На черных машинах подъехало городское начальство, образовав не меньшую, чем погорельцы, толпу. Начальство указывало перстом в одну сторону, потом в другую. Иванов, как бы уже на правах представителя ветеранов, тоже стоял рядом и куда-то указывал.
Все ждали, что скажет Первый человек города (так его называла газета).
А в жизни Первого Человека все было как-то не так в это утро. Собственно, у него не впервые появлялось чувство, что все как-то не так, и неизвестно, что делать. Народ разболтался до неприличия. На молодежь надежды никакой. Старики отупели от старости. Он один в поле воин. В его кабинете (в Его кабинете!) уже второй день не могут отремонтировать водопровод. В его машине (в Его машине!) какая-то щель появилась в двери, сегодня дуло. Опять должны приехать высокие проверяющие. К тому же сгорела эта чертова улица Первая.
Черные "Волги" застряли в снегу на перекрестке Жданова и Первой. Черт возьми, давал же распоряжение чистить бульдозерами хотя бы главные улицы. Дело было даже не в том, что оставшиеся двести метров пришлось идти пешком. Он был демократичен до дерзости, до безрассудства и даже иногда ходил на работу пешком. Дело в том, что ничего не делается, не выполняется.
И опять, опять все смотрели на "Первого" с немым вопросом. Как будто бы ждали чуда. Как будто он может улыбнуться сейчас улыбкой Деда Мороза и сказать: "Пойдемте, дети, я покажу вам ваши новые квартиры." Убогий народец улицы Первой ждал его слов. Секретарь очень хотел уважать свой народ, но не мог. Он сам был из тех людей, которые не умеют ни ждать, ни смотреть вот так, с надеждой. Он был еще молод. Его простое русское лицо располагало людей. Его внешность еще не слишком пострадала от бесконечных выпивок и обильных закусок, неизбежных на высоком ответственном посту. Он был даже порядочным человеком (насколько можно позволить себе быть порядочным в его положении). Он был умен. Но он уже давно понял, что от того, каков он, зависит очень мало. От его ума в этом городе не прибавилось ни капли молока, ни одной квартиры, ничего. В его власти было что-то дать нищим, но только отняв сначала у других нищих.

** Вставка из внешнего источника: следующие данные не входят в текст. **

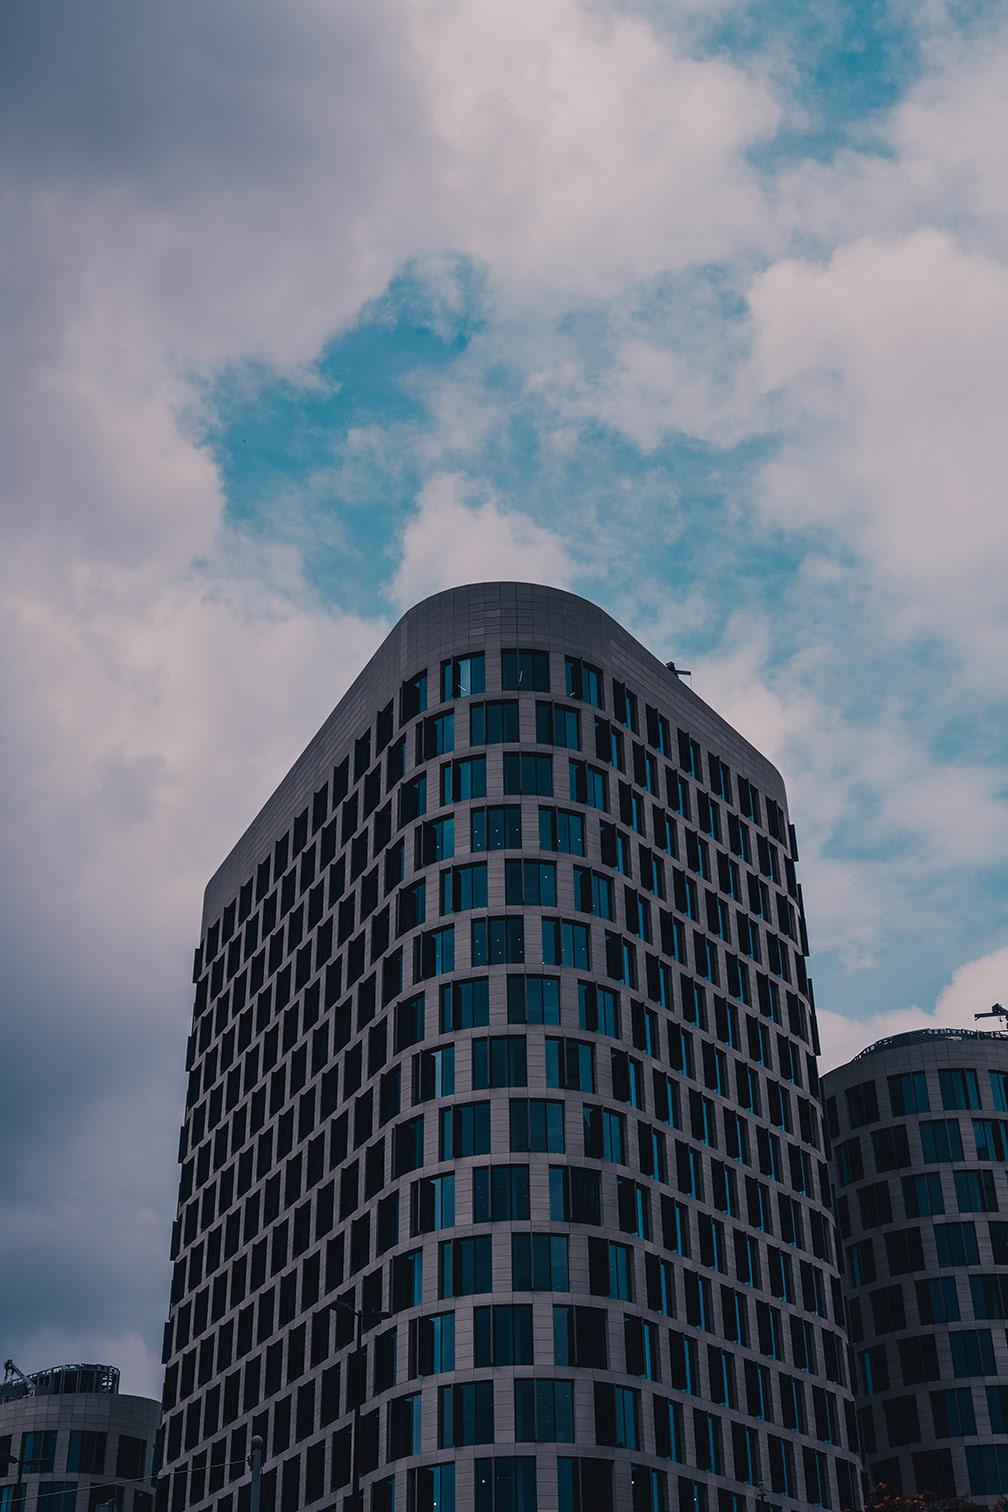 brussel architecture

Коммунизм смотрел глазами своего умного секретаря на копошащихся в углях ветеранов. Как старая дама, лишенная иллюзий, стремлений и желаний, Утопия смотрела без восхищения на лучших своих людей. Как старая любовница, которая не ждет уже ничего и ничего не может дать.

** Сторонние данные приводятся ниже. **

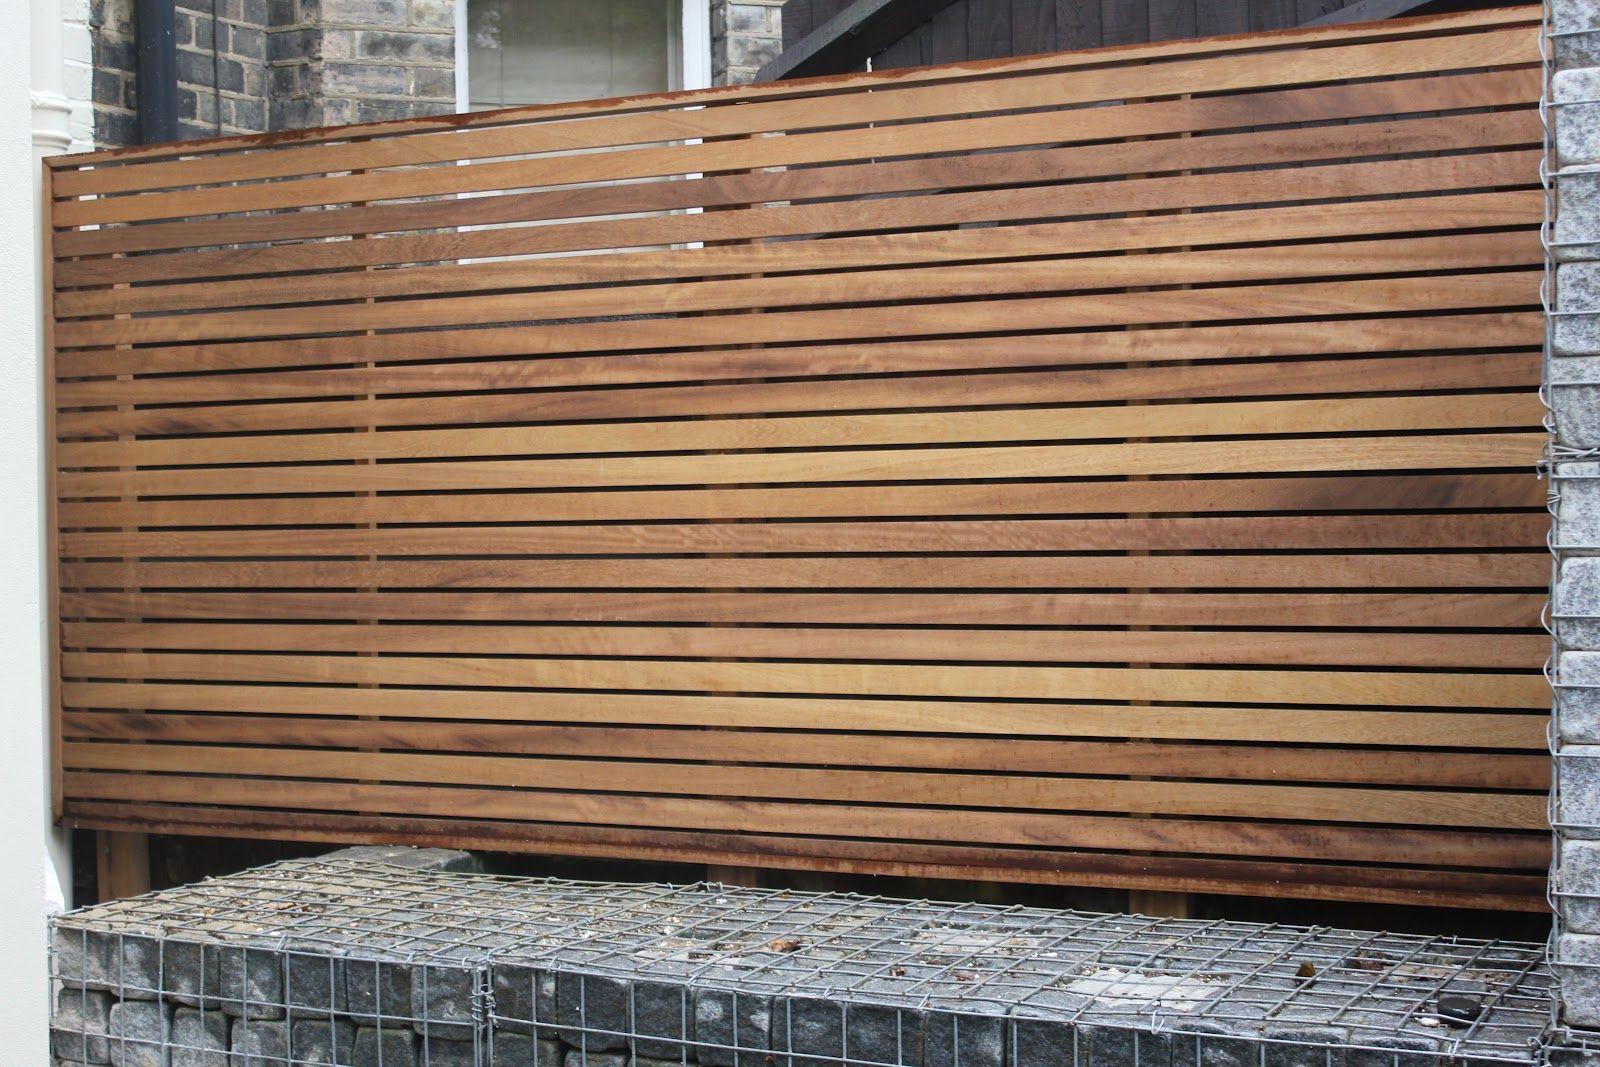 Wood Slat Walls Google Search Wood Slat Wall Wood Cladding

Секретарь давно решил, что человеку с его положением, если он не глуп и не бессовестный, лучше реже задумываться, чтобы не сойти с ума. В загадочной стране он родился. Все, что в ней ни сделаешь, выходит к худшему.
Вот чего они ждут? Вот что он может им сказать? Секретарь всячески подчеркивал, что он такой же, как эти люди, но знал, что на самом деле это не так. И это правда: через десять лет он вошел в сотню богатейших людей мира, а еще через пять, по заключению экспертизы, "окончил жизнь самоубийством, связав руки за спиной колючей проволокой и утопившись в бассейне своего имения под Москвой".
–Поехали, – сказал он, поворачиваясь к машине.
Первые строители остались одни, не считая зевак, которые останавливались взглянуть на пепелище. Ветераны разбрелись по своим домам, Света нашла маленький кусочек металла, в котором можно было узнать золотую медаль за окончание школы. Петров доставал из кучи золы то одно, то другое и узнав вещь, бросал ее обратно.
Леха с магнитофоном и чемоданом сидел на дороге напротив Петрова. Леха был единственным счастливчиком, спасшим почти все свое имущество. Когда загорелось, он как раз подходил к дому, возвращаясь из ночной смены. Увидев, что с огнем не справиться, он обежал соседей, после чего схватил магнитофон, кассеты с Высоцким и чемодан. Лехе было тридцать восемь лет, но все его имущество до сих пор помещалось в чемодане.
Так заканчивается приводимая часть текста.